• [RECORDED INFORMATION]

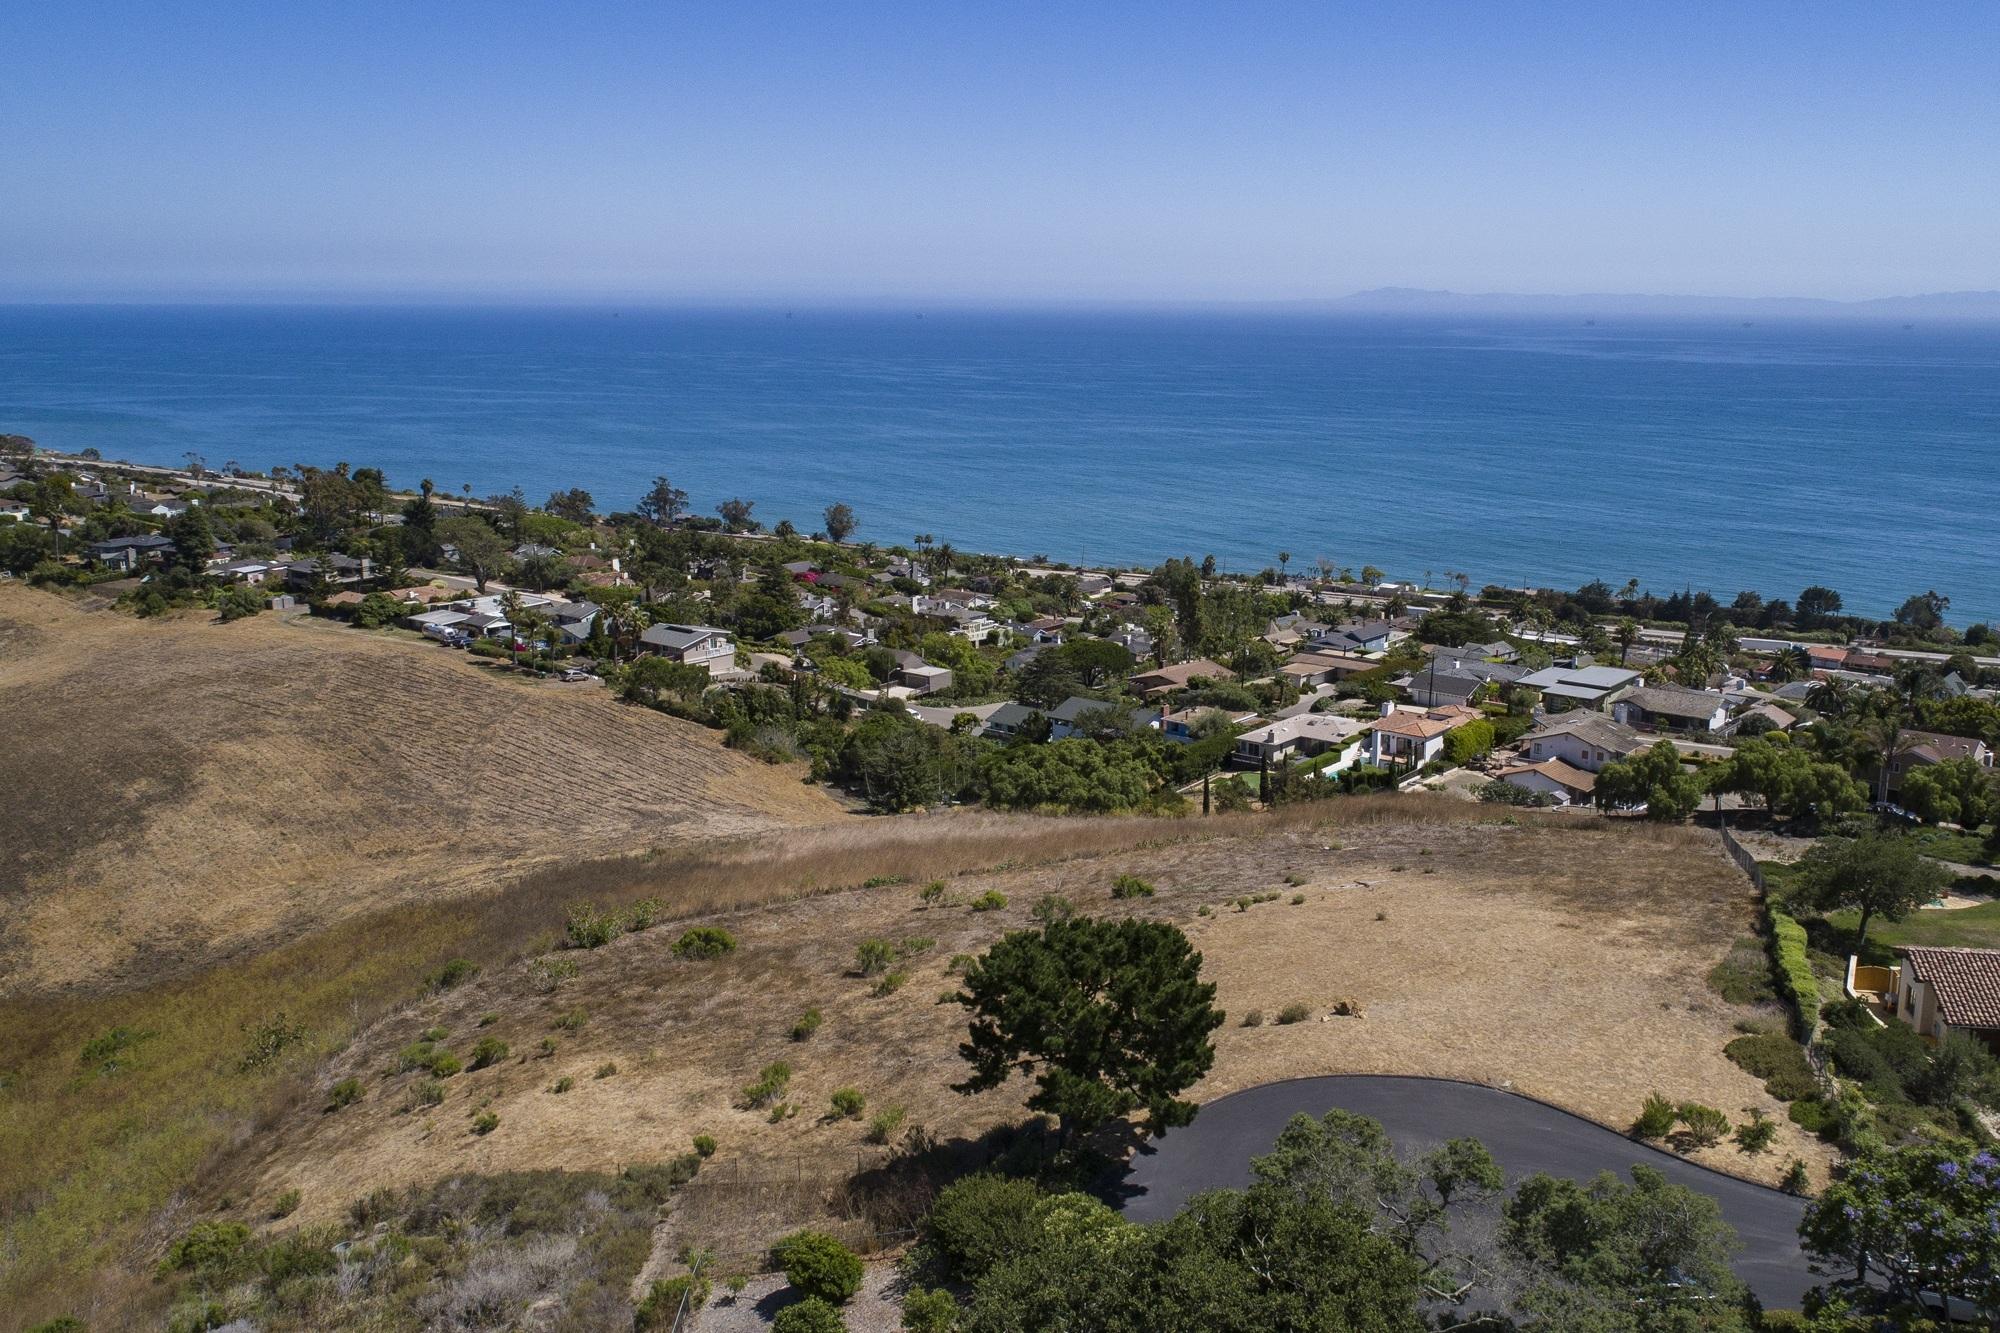 2325 Ortega Ranch - Sold Price - $2,500,000Represented Seller
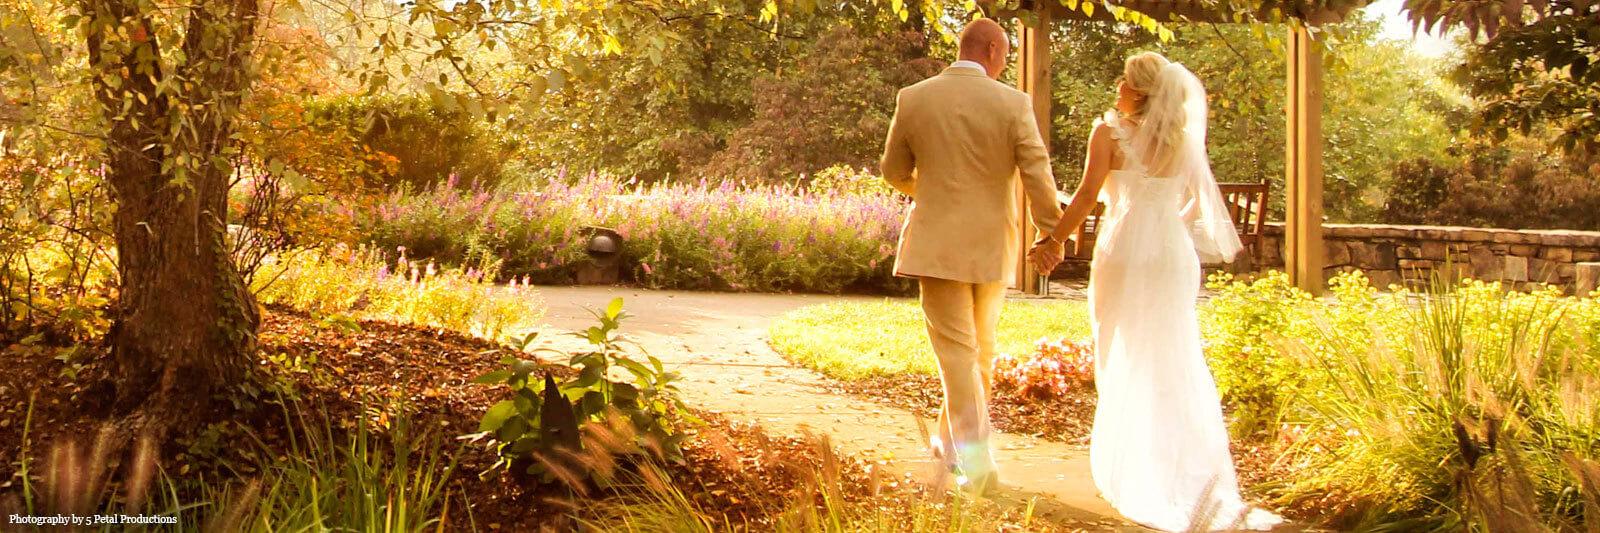 Brasstown-Valley-Outdoor-Wedding-Venue-Georgia-Wedding-Packages-2
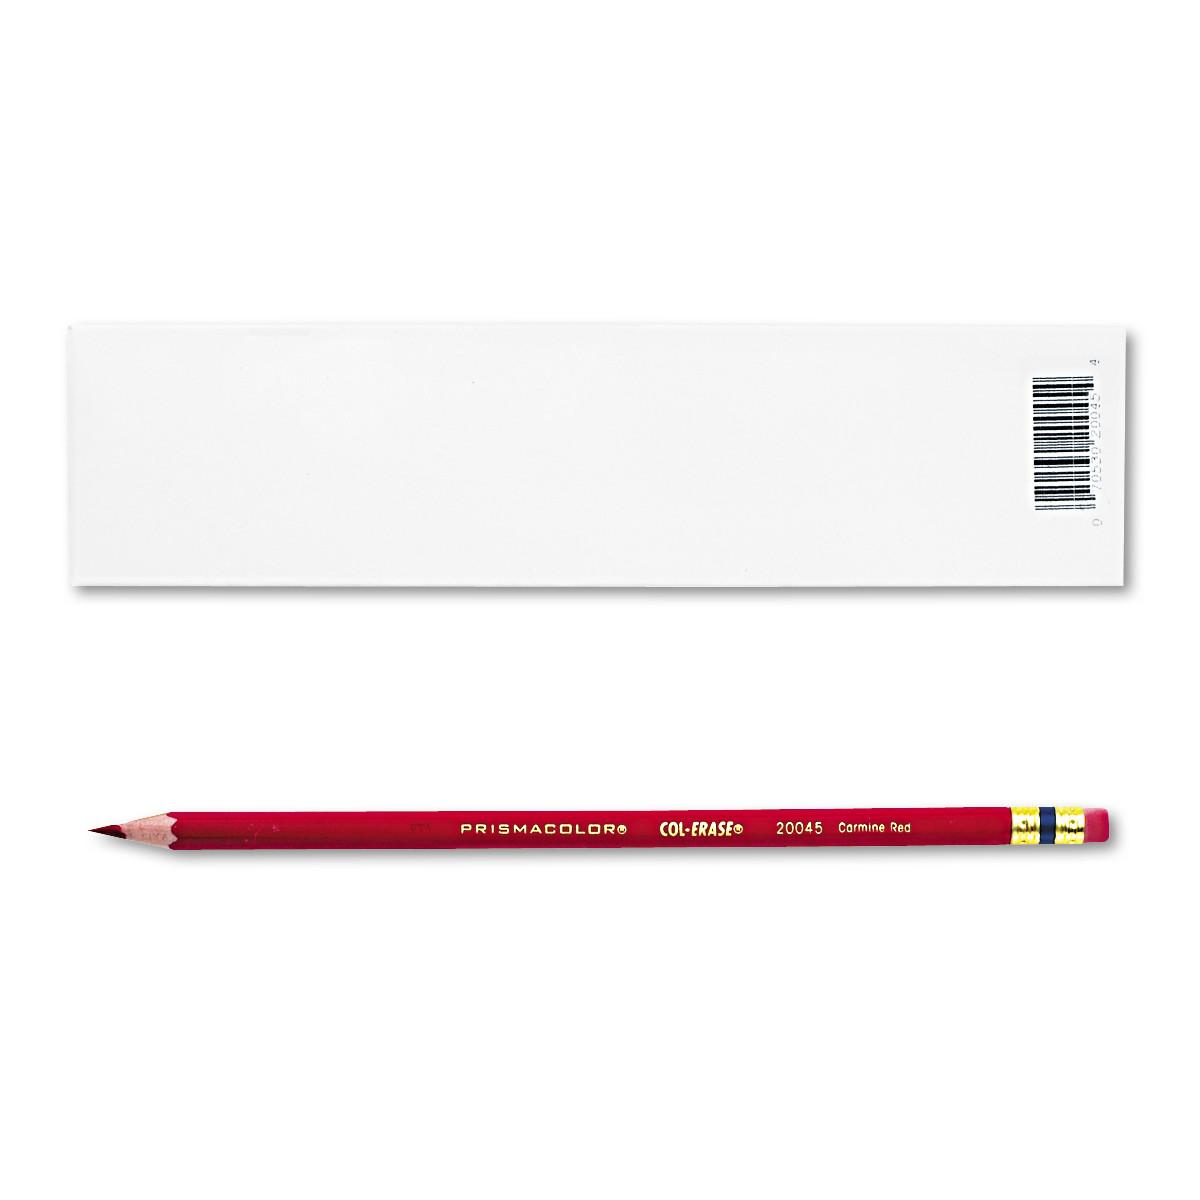 12-Count  Prismacolor Col-Erase Pencil w/Eraser (Carmine Red Lead/Barrel) 2 for $1.96 + Free S/H on $35+
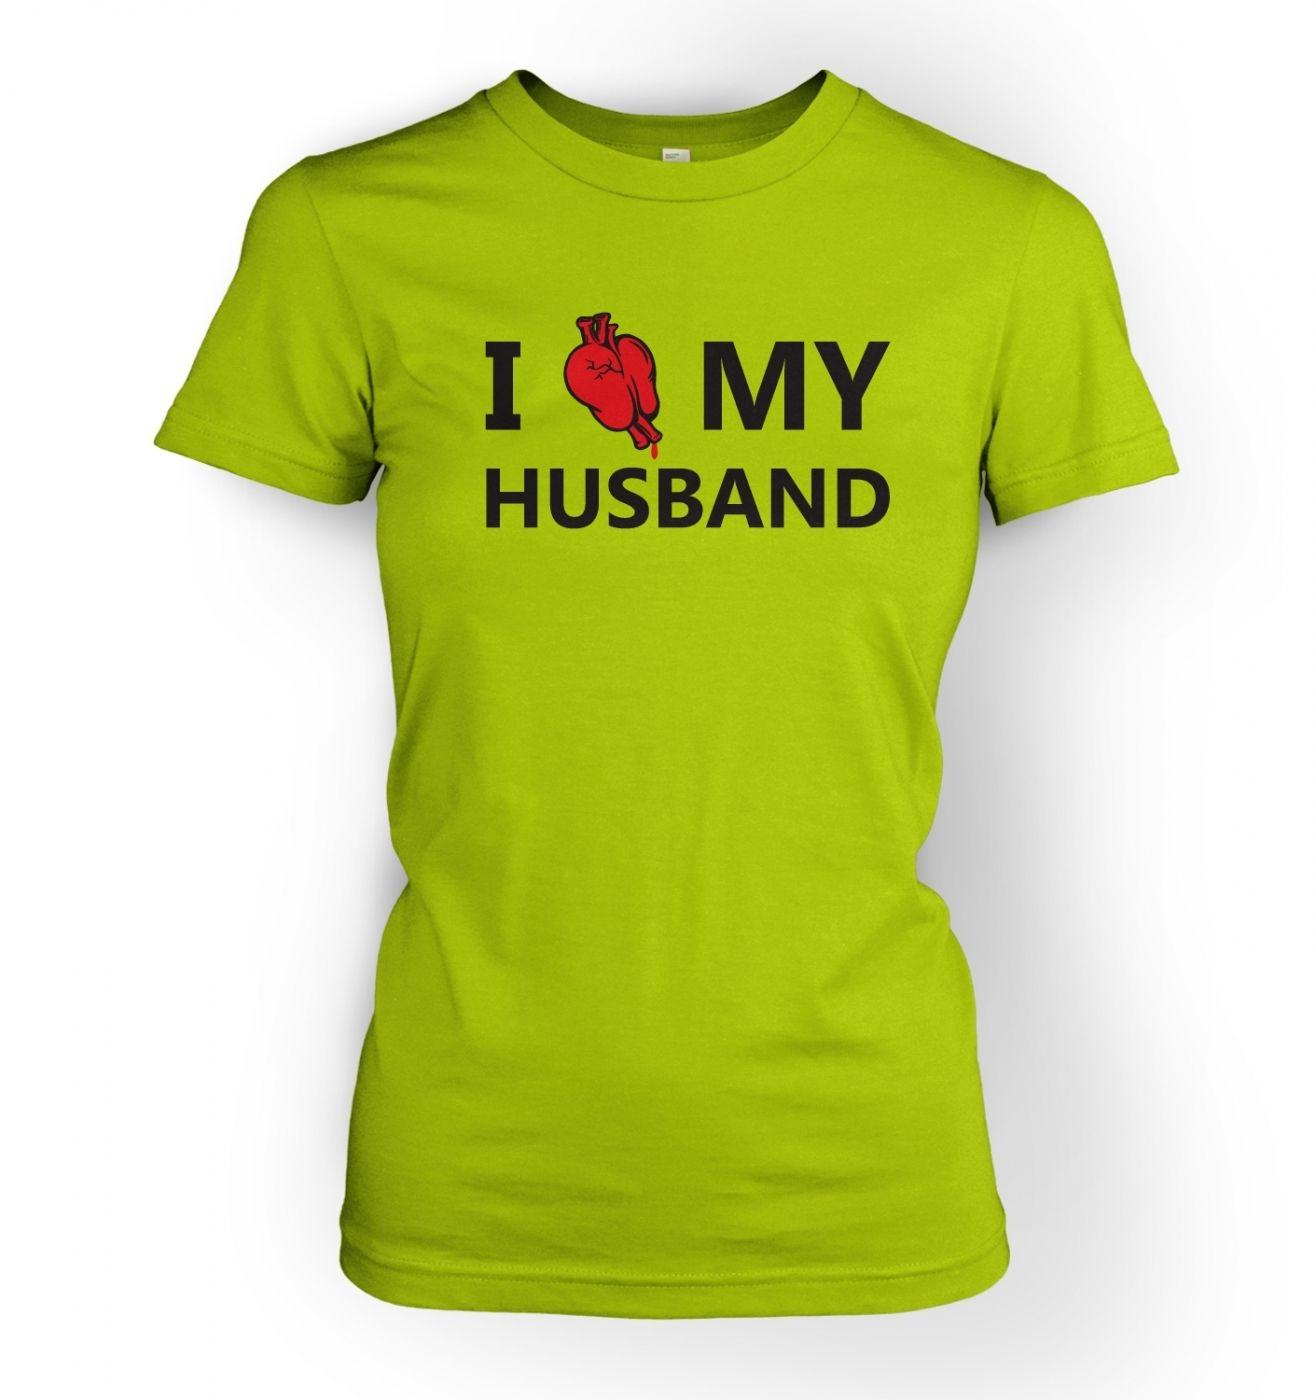 Women's I real heart my husband t-shirt

• [EXERCISE DETAILS]
Repeat the listing above word for word. Do not include the pictures.

• [TASK OUTPUT]
 2325 Ortega Ranch - Sold Price - $2,500,000Represented Seller
 Brasstown-Valley-Outdoor-Wedding-Venue-Georgia-Wedding-Packages-2
 12-Count  Prismacolor Col-Erase Pencil w/Eraser (Carmine Red Lead/Barrel) 2 for $1.96 + Free S/H on $35+
 Women's I real heart my husband t-shirt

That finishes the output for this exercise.